● **What is being asked**
Restate the data below word for word. Leave the images out.

START Data segment

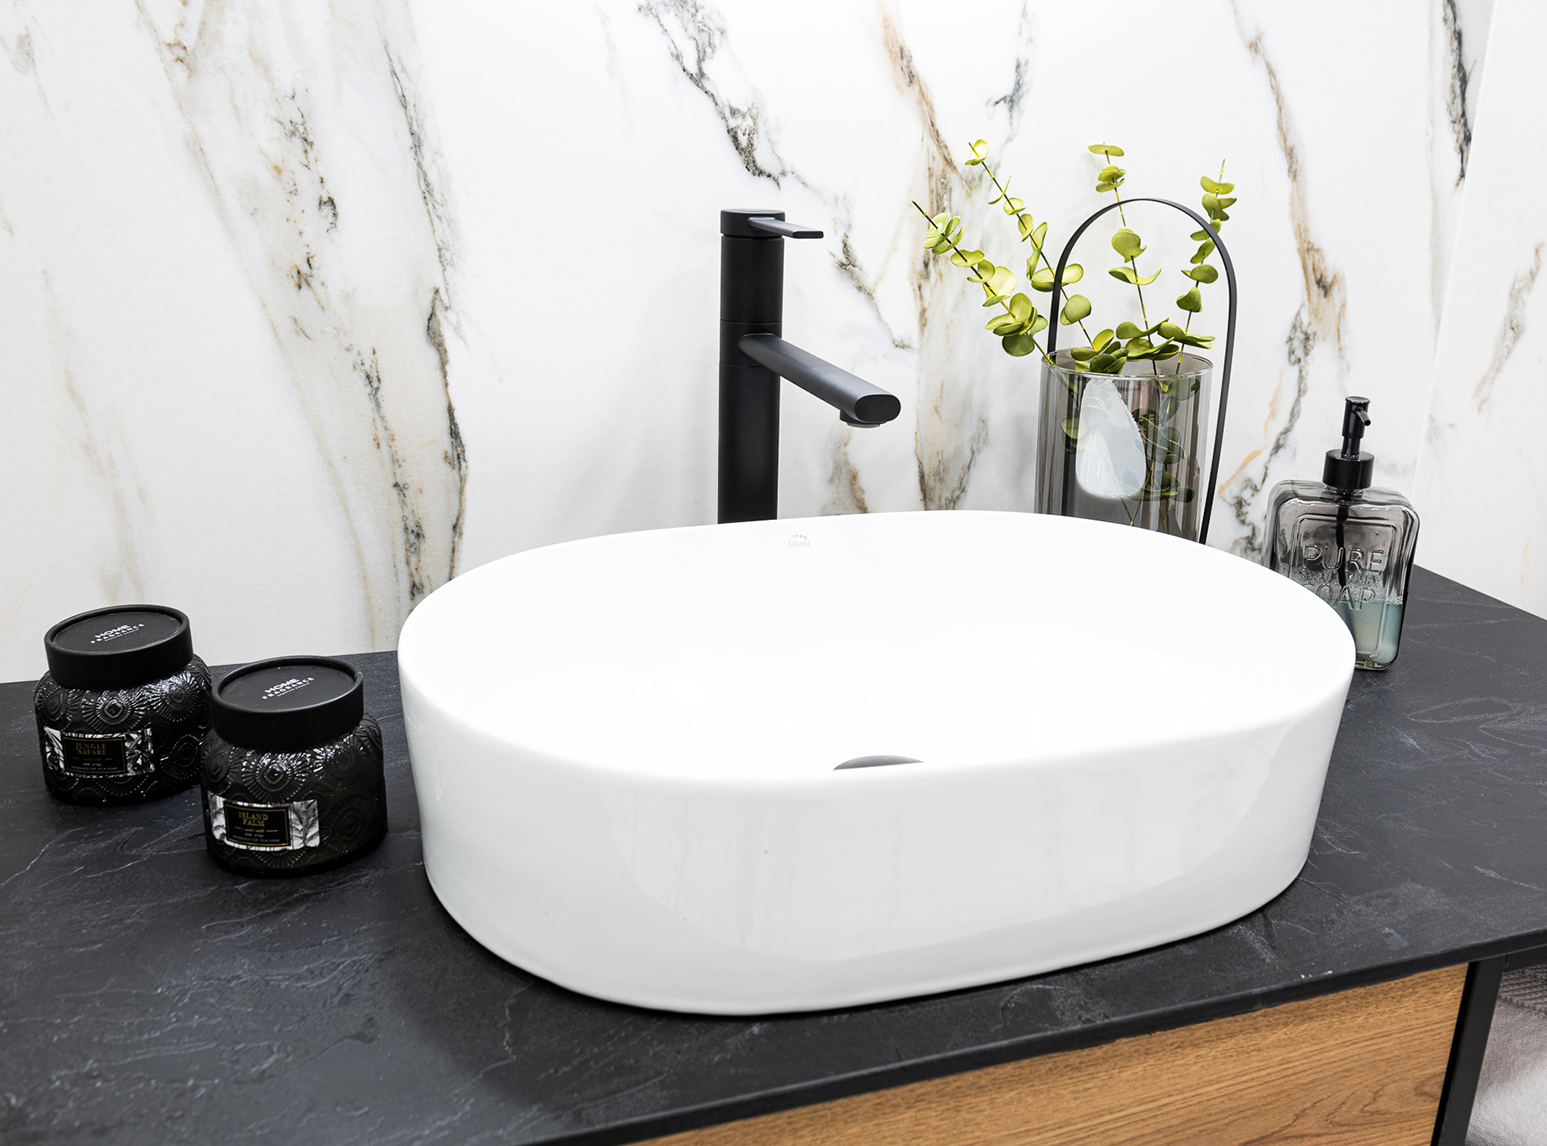 Desna - ceramic countertop washbasin - Laveo
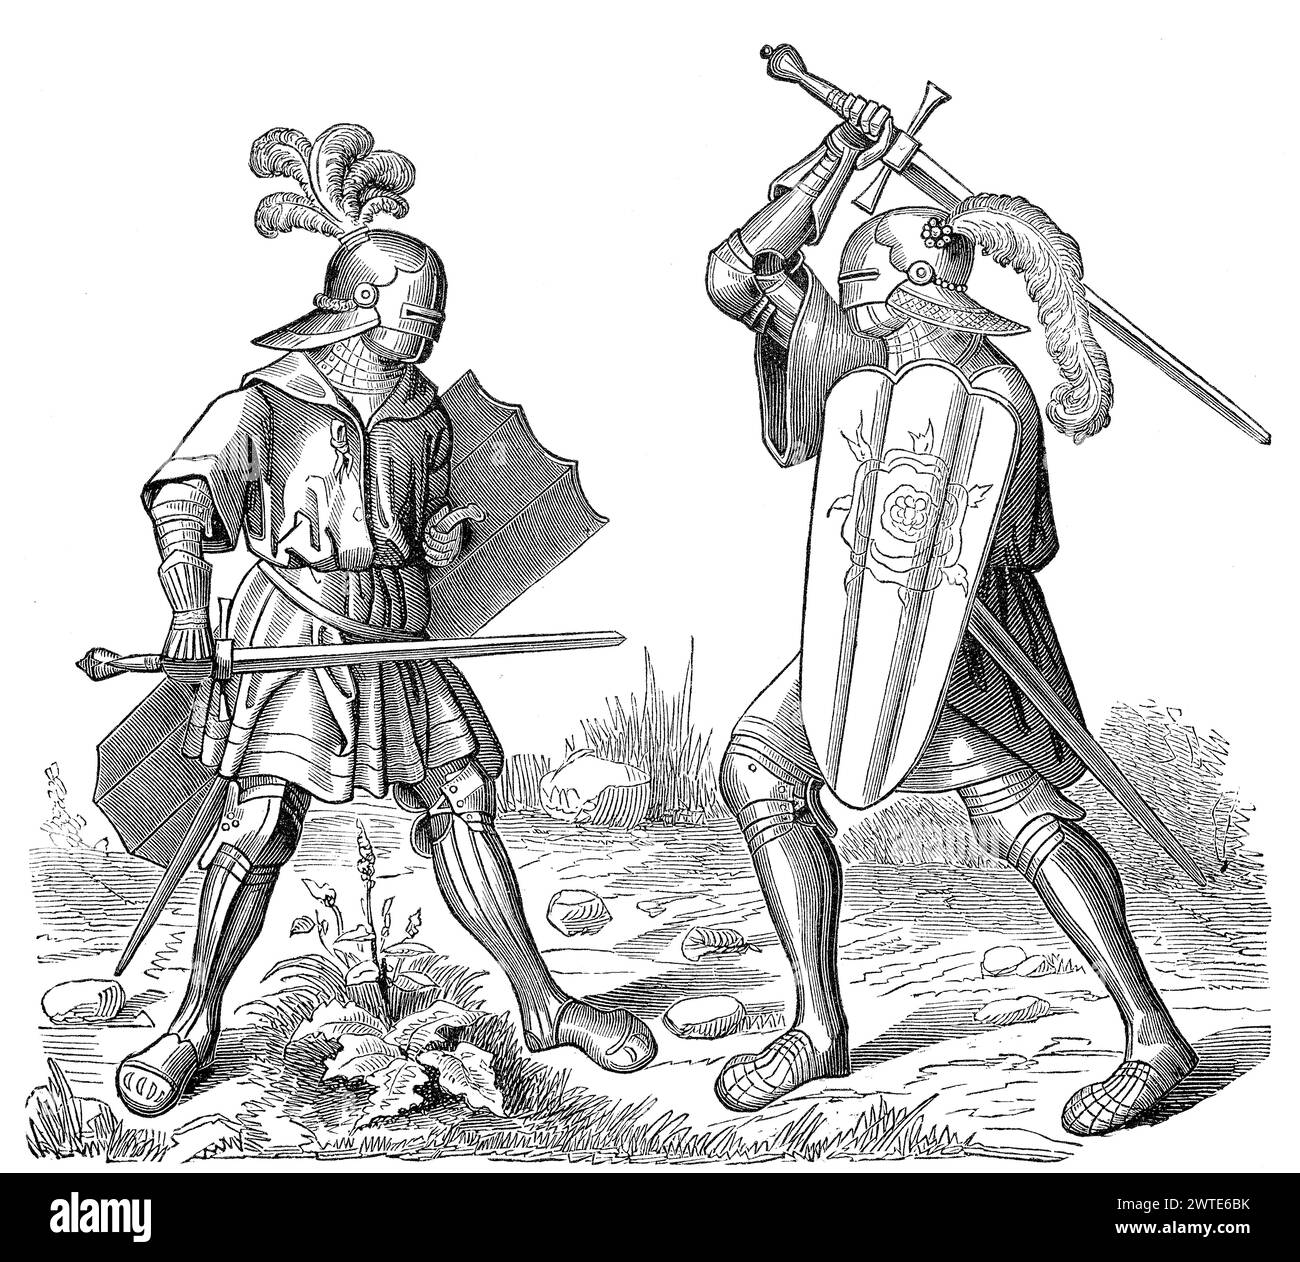 Ein einziger Kampf, kämpfende Ritter in Rüstung, 15. Jahrhundert Stockfoto
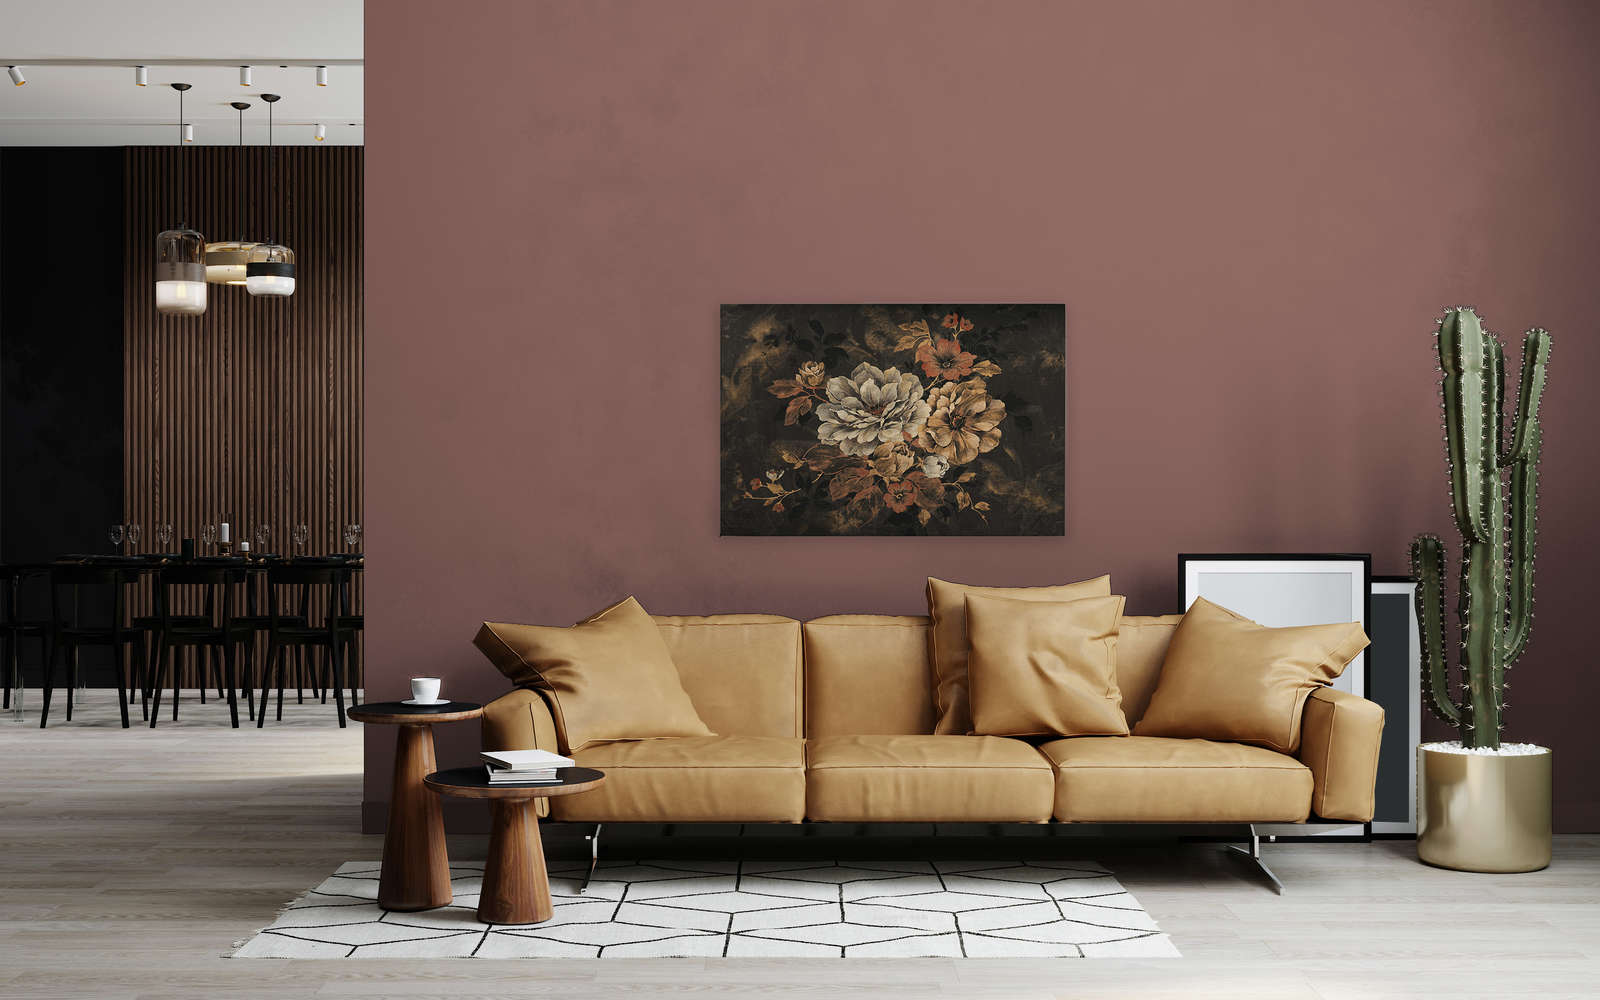             Cuadro lienzo diseño floral, pintura al óleo con aspecto vintage - 1,20 m x 0,80 m
        
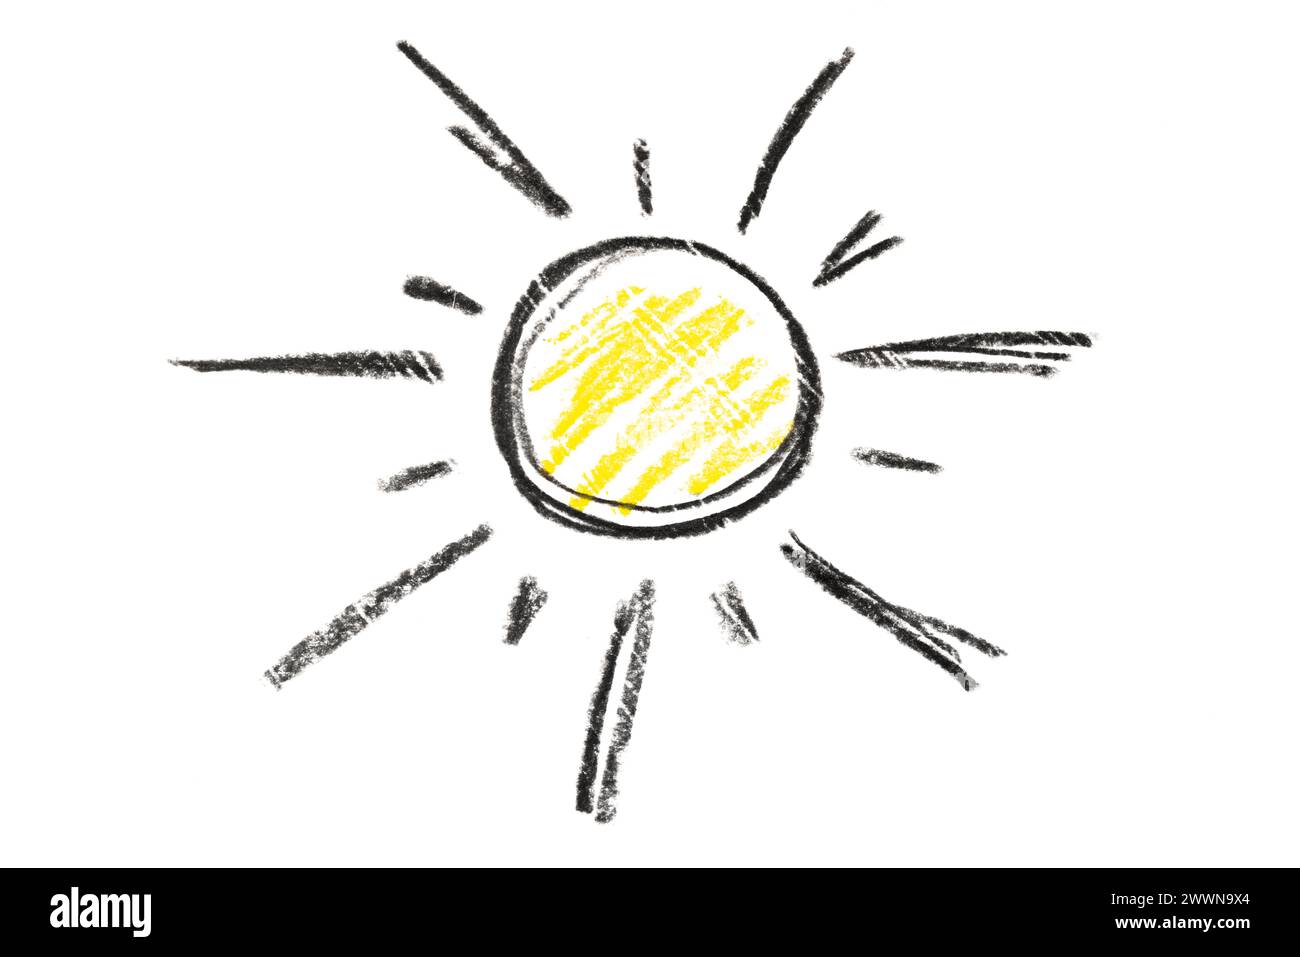 Un vivace disegno del sole, raffigurato in una matita nera e gialla isolata su uno sfondo bianco. Perfetto per aggiungere un tocco di allegria a qualsiasi progetto di design. Foto Stock

END Data segment

● **Response to this task**
 Desna - ceramic countertop washbasin - Laveo
 Ein einziger Kampf, kämpfende Ritter in Rüstung, 15. Jahrhundert Stockfoto
             Cuadro lienzo diseño floral, pintura al óleo con aspecto vintage - 1,20 m x 0,80 m
        
 Un vivace disegno del sole, raffigurato in una matita nera e gialla isolata su uno sfondo bianco. Perfetto per aggiungere un tocco di allegria a qualsiasi progetto di design. Foto Stock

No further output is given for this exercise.